— Assignment —
Your answer should be the exact lines of the data below from the one containing "Men's Dusty Blue Slim Fit Jeans" through the one containing "AC/DC T-Shirt: Oz Rock"; please include nothing else.

— Data records —
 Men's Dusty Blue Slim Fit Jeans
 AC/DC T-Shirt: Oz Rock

* * *

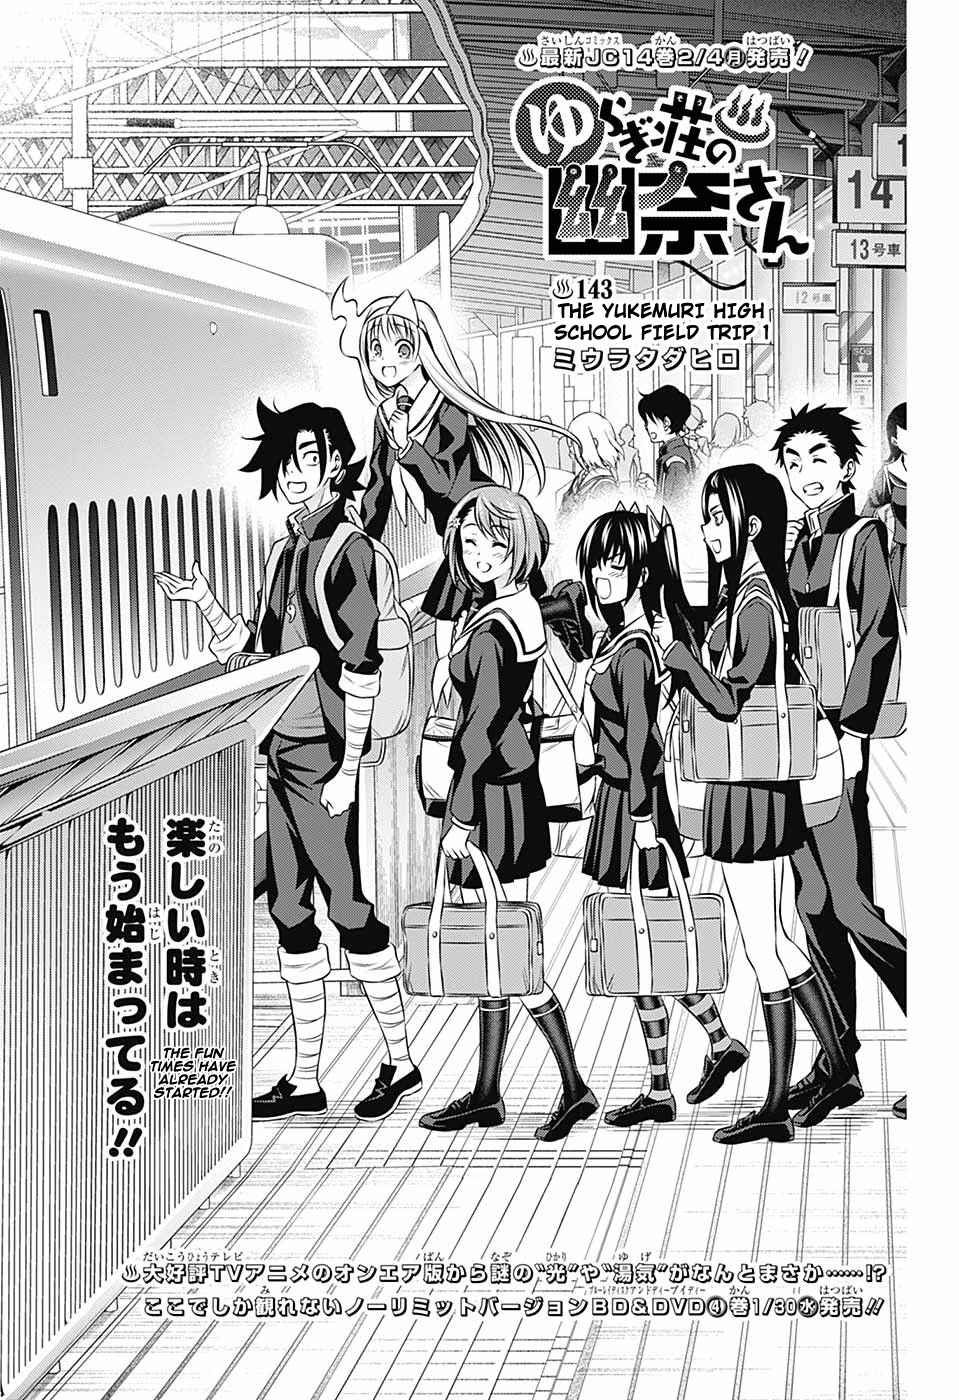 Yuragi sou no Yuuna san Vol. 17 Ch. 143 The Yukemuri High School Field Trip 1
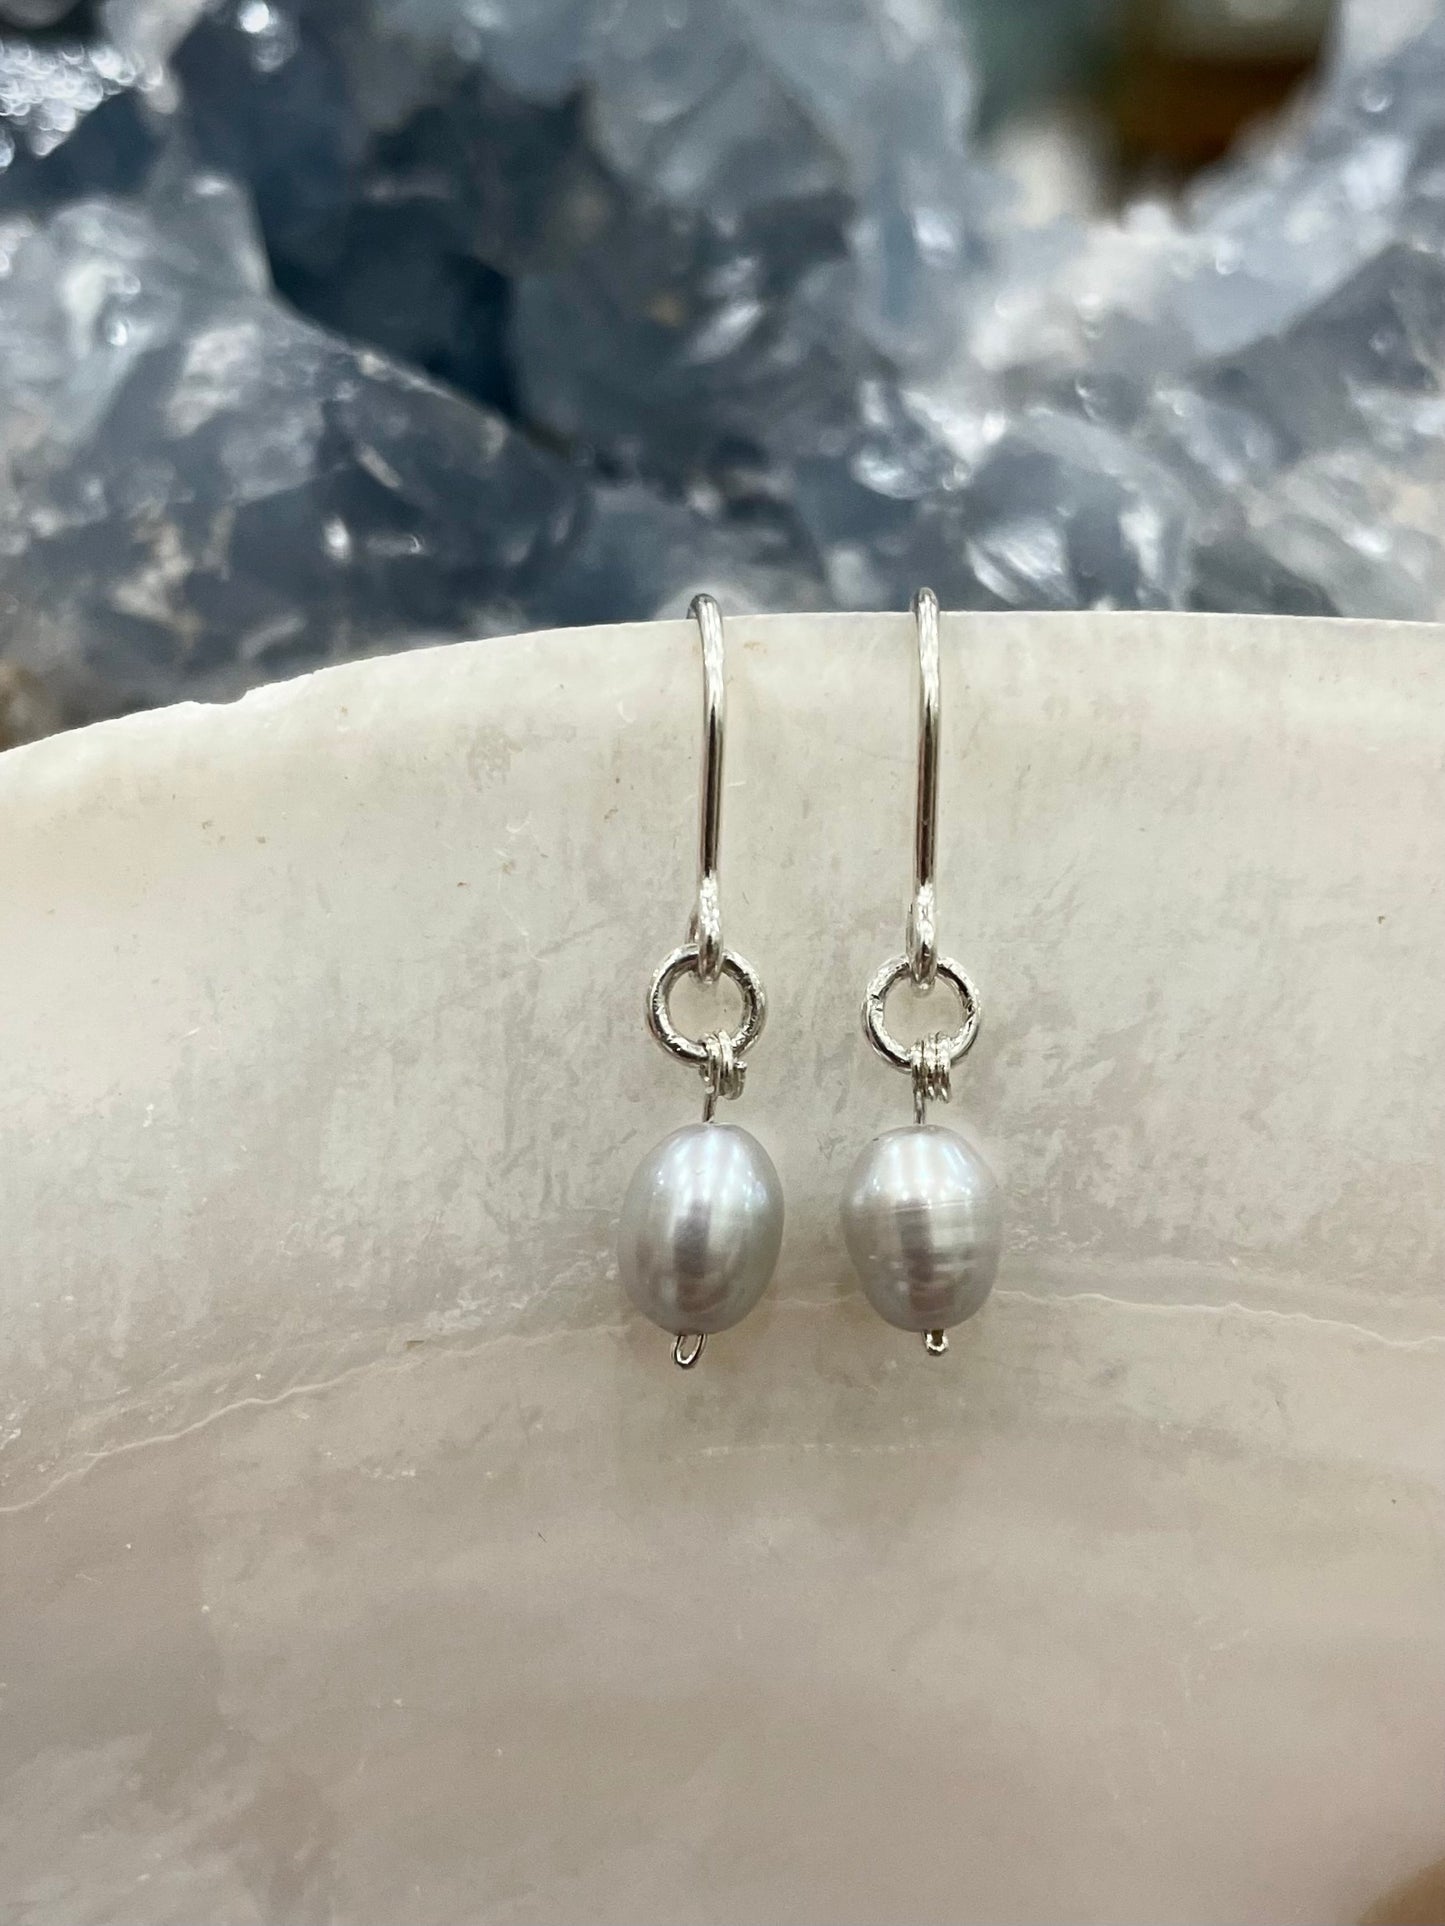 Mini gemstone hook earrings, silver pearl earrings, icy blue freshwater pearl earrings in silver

— Solution to the problem —
 Men's Dusty Blue Slim Fit Jeans
 AC/DC T-Shirt: Oz Rock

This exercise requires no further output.